Instructions to follow:
In the entries that follow, find every line containing "ihre" and copy it.
━━ Provided material
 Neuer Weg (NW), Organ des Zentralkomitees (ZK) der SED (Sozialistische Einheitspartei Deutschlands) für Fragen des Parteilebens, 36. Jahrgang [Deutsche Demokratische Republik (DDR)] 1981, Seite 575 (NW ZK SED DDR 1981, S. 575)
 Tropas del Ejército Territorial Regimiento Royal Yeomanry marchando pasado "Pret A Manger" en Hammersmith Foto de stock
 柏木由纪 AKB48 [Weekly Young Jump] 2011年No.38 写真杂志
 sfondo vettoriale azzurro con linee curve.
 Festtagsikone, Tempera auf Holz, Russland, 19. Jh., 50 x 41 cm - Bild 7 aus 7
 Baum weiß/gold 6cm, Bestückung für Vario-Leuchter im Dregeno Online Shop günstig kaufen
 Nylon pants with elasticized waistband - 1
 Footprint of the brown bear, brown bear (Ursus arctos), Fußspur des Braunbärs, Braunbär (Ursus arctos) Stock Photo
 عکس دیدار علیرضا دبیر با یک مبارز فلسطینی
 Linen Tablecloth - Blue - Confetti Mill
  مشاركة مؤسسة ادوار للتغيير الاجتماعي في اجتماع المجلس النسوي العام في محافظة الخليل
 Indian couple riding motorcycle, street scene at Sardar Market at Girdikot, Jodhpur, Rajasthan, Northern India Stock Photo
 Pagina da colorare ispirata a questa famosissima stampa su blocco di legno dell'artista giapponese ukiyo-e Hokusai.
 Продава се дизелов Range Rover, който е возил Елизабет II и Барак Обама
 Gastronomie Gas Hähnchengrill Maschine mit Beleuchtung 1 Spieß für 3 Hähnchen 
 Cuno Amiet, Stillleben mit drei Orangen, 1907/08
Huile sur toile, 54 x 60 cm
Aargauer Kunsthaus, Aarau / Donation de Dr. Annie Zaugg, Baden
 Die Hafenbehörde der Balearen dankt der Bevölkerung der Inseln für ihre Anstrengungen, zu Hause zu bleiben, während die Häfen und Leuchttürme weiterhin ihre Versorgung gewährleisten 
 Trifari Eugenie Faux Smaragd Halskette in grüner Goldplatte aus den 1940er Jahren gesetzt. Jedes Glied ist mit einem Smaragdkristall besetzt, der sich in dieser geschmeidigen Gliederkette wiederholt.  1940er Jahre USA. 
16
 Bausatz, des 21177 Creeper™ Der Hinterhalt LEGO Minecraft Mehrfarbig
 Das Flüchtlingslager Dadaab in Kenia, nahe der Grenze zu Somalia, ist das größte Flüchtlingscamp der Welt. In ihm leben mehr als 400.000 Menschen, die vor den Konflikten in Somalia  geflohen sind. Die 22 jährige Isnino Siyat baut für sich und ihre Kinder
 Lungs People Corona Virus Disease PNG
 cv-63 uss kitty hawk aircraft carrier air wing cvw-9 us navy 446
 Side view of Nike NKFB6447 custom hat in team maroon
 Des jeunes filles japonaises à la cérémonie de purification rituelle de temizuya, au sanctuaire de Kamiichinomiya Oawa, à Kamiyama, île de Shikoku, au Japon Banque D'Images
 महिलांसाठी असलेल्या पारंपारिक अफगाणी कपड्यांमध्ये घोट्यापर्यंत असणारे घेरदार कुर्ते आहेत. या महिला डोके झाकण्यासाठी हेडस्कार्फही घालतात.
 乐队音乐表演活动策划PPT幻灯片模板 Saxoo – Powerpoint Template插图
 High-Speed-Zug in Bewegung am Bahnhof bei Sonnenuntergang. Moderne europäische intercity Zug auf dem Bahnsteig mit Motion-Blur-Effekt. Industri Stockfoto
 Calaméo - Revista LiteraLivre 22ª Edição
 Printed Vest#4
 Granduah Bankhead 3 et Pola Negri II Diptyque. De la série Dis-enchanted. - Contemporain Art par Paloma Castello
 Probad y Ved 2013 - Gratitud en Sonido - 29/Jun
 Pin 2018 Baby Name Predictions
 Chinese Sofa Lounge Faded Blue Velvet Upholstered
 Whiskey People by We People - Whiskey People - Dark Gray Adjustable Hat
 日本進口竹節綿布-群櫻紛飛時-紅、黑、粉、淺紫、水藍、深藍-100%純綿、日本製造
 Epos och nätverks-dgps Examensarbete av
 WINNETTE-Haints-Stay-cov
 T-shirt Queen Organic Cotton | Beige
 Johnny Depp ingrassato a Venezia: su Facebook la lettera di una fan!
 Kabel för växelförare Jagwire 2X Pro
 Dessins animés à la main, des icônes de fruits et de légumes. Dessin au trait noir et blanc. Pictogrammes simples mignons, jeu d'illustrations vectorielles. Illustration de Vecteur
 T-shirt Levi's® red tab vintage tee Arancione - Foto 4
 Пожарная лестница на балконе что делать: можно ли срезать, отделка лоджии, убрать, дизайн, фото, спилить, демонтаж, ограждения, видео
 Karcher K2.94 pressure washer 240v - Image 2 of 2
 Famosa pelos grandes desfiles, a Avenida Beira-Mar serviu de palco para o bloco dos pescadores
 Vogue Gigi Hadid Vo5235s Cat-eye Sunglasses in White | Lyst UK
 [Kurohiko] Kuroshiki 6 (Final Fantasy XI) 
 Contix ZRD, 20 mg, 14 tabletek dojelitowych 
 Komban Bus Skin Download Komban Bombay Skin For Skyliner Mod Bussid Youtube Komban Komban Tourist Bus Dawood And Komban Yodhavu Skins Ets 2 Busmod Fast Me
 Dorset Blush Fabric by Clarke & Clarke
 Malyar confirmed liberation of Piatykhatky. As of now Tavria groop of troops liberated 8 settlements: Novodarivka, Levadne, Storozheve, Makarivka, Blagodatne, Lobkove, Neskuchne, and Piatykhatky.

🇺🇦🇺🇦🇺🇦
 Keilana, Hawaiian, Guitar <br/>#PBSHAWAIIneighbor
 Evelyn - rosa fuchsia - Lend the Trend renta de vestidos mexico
━━━━
Task solution:
 Die Hafenbehörde der Balearen dankt der Bevölkerung der Inseln für ihre Anstrengungen, zu Hause zu bleiben, während die Häfen und Leuchttürme weiterhin ihre Versorgung gewährleisten 
 Das Flüchtlingslager Dadaab in Kenia, nahe der Grenze zu Somalia, ist das größte Flüchtlingscamp der Welt. In ihm leben mehr als 400.000 Menschen, die vor den Konflikten in Somalia  geflohen sind. Die 22 jährige Isnino Siyat baut für sich und ihre Kinder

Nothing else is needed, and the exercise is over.